Call: +1 VSports. 631. 470. 9640 Mon - Fri 10:00 am - 02:00 pm EST.
Call: +1 VSports. 631. 470. 9640 Mon - Fri 10:00 am - 02:00 pm EST.
DOI: 10.12659/MSM.889443
Med Sci Monit 2013; 19:751-756
BACKGROUND: The aim of this study was to compare the effect of combination lamivudine (LAM) and adefovir dipivoxil (ADV) versus entecavir (ETV) monotherapy for naïve HBeAg-positive chronic hepatitis B (CHB) patients.
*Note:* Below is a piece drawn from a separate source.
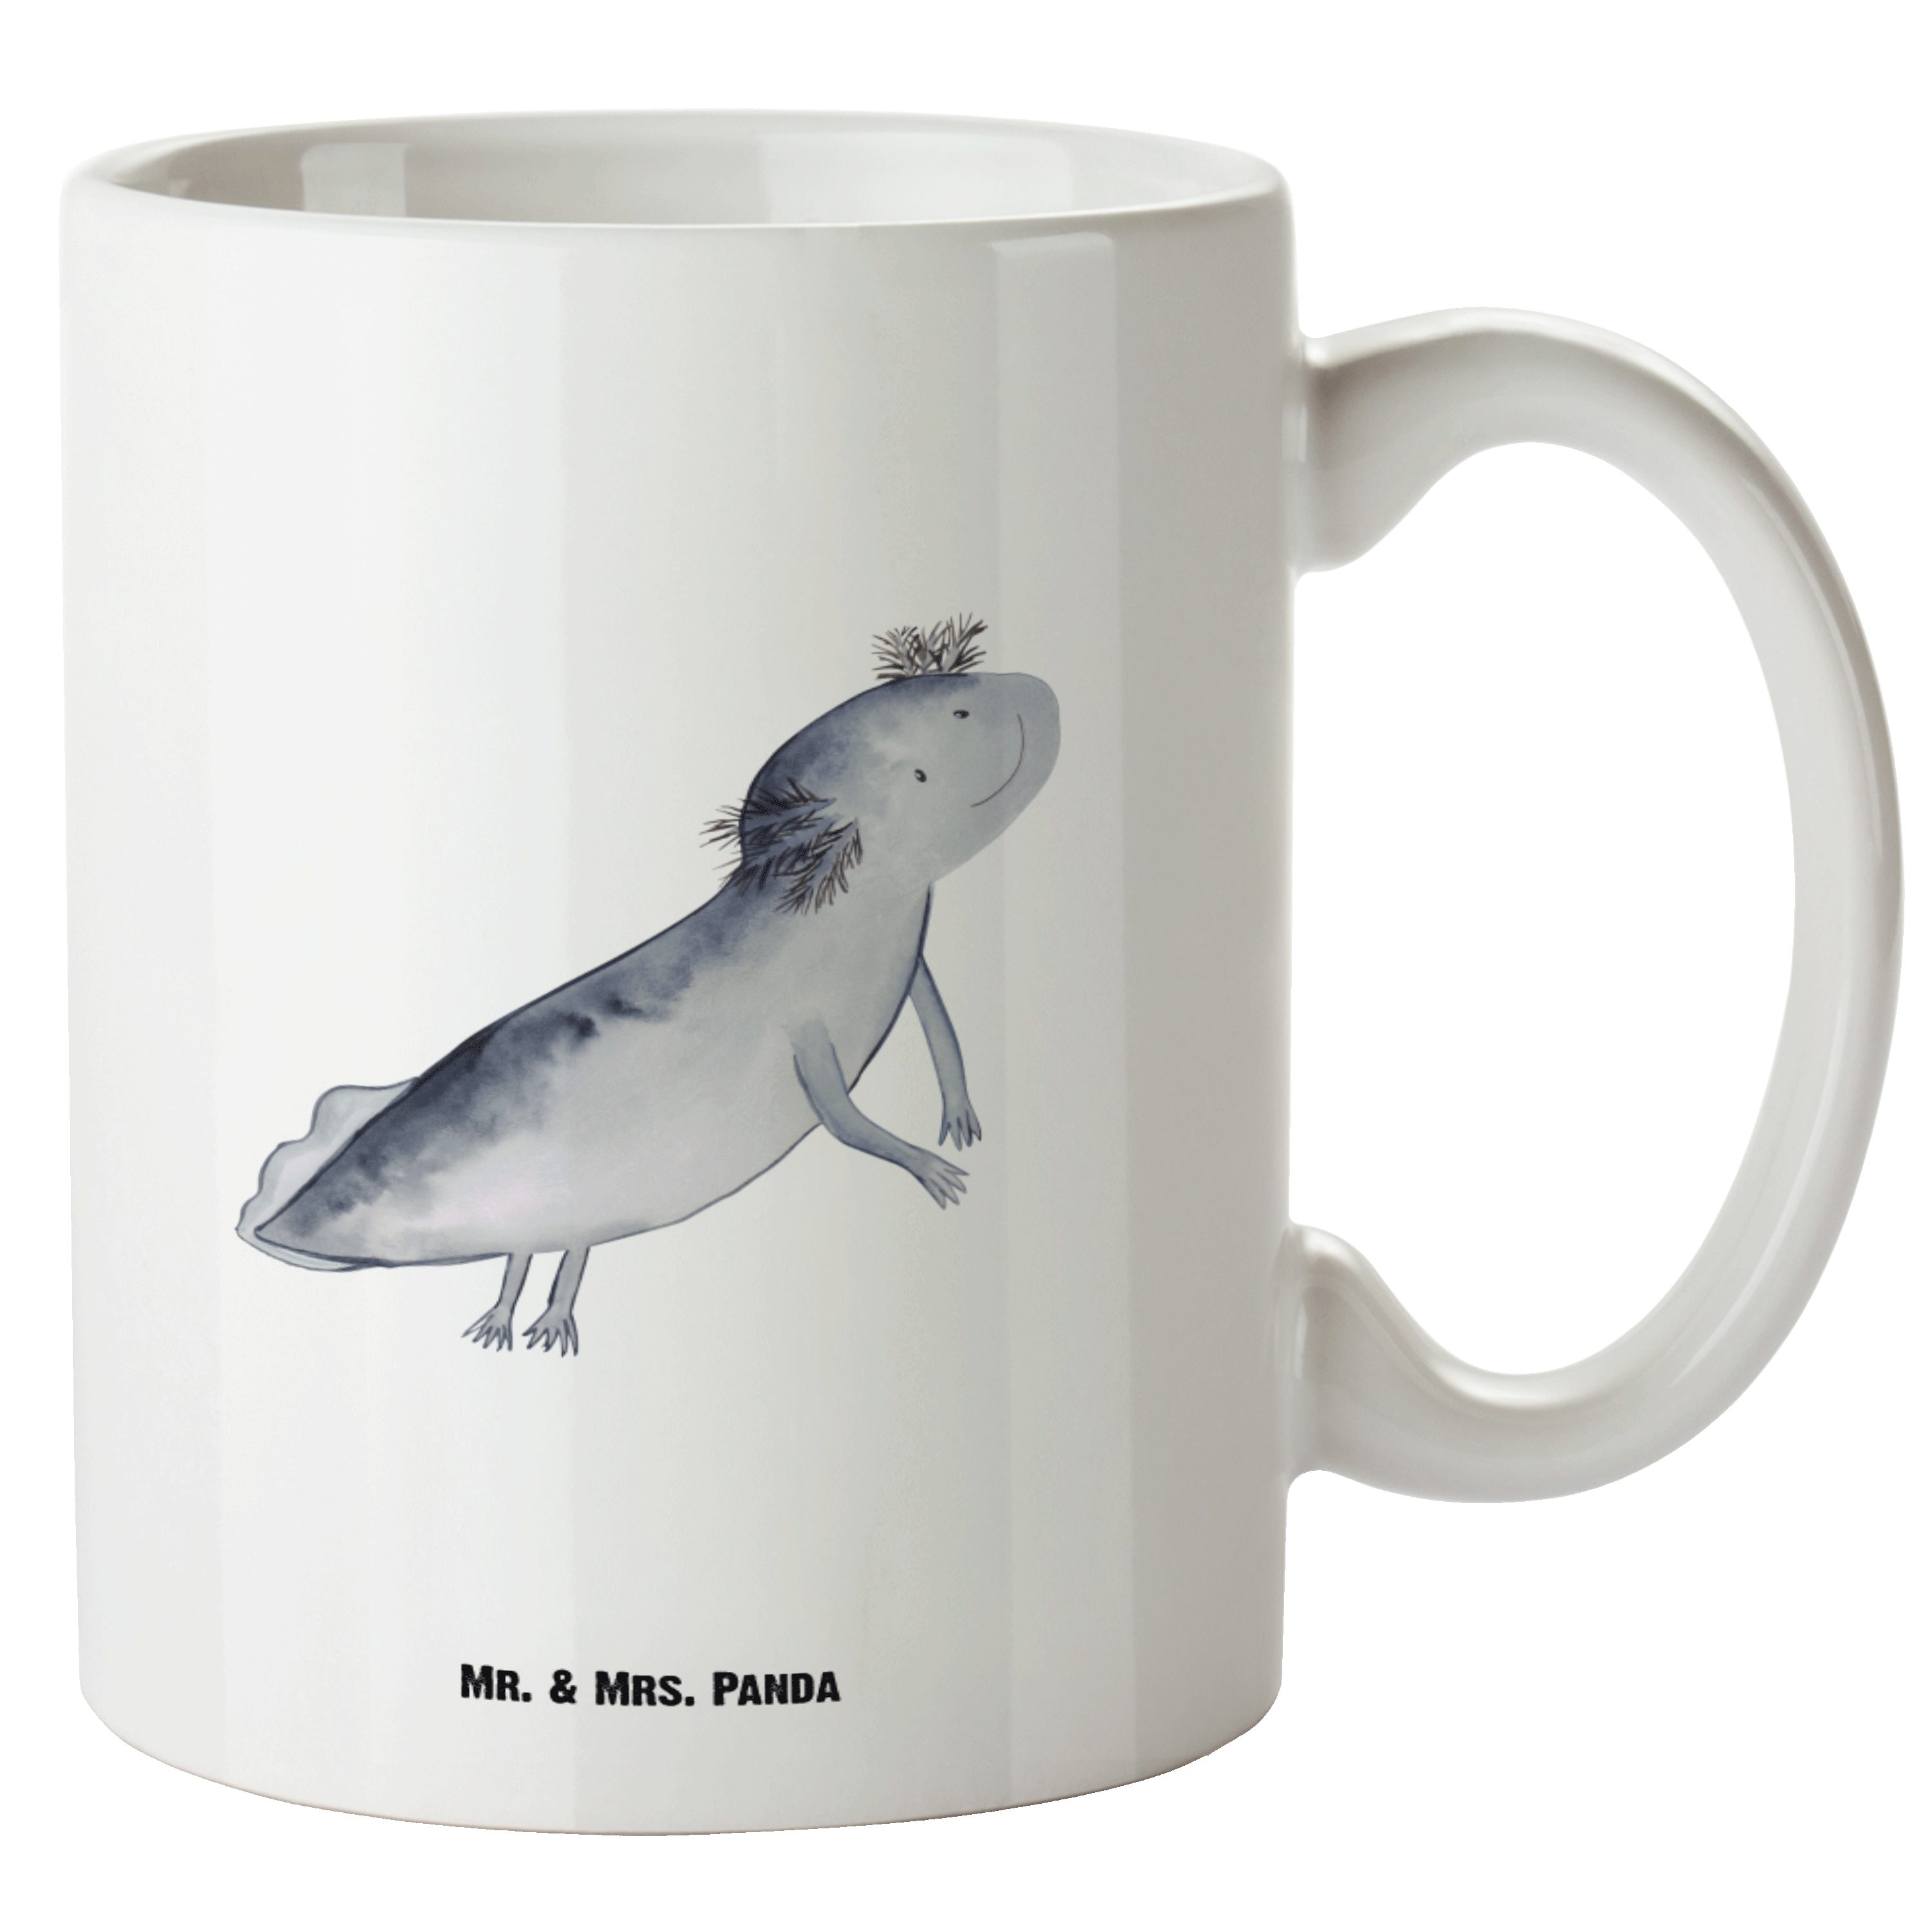 Mr. & Mrs. Panda Tasse Axolotl schwimmt - Weiß - Geschenk, Jumbo Tasse, Grosse Kaffeetasse, XL Tasse Keramik

VSports手机版.
MATERIAL AND METHODS: Fifty enrolled patients with CHB were evenly divided into 2 groups: a group treated with of lamivudine (LAM) (100 mg/day) plus adefovir (ADV) (10 mg/day) combination, and a group treated with entecavir (ETV) (0 V体育安卓版. 5 mg/day). Serum levels of ALT, AST, creatinine, bilirubin, HBsAg, HBeAg and HBV viral load, and genotypic resistance were analyzed at 0, 12, 24, 52, and 104 weeks. HBV DNA levels were determined by real-time PCR and HBsAg and HBeAg by chemiluminescence. Serum levels of ALT, AST, creatinine, and bilirubin were measured by an automatic biochemical analyzer. Data analysis was performed with SPSS 12. 0 software. .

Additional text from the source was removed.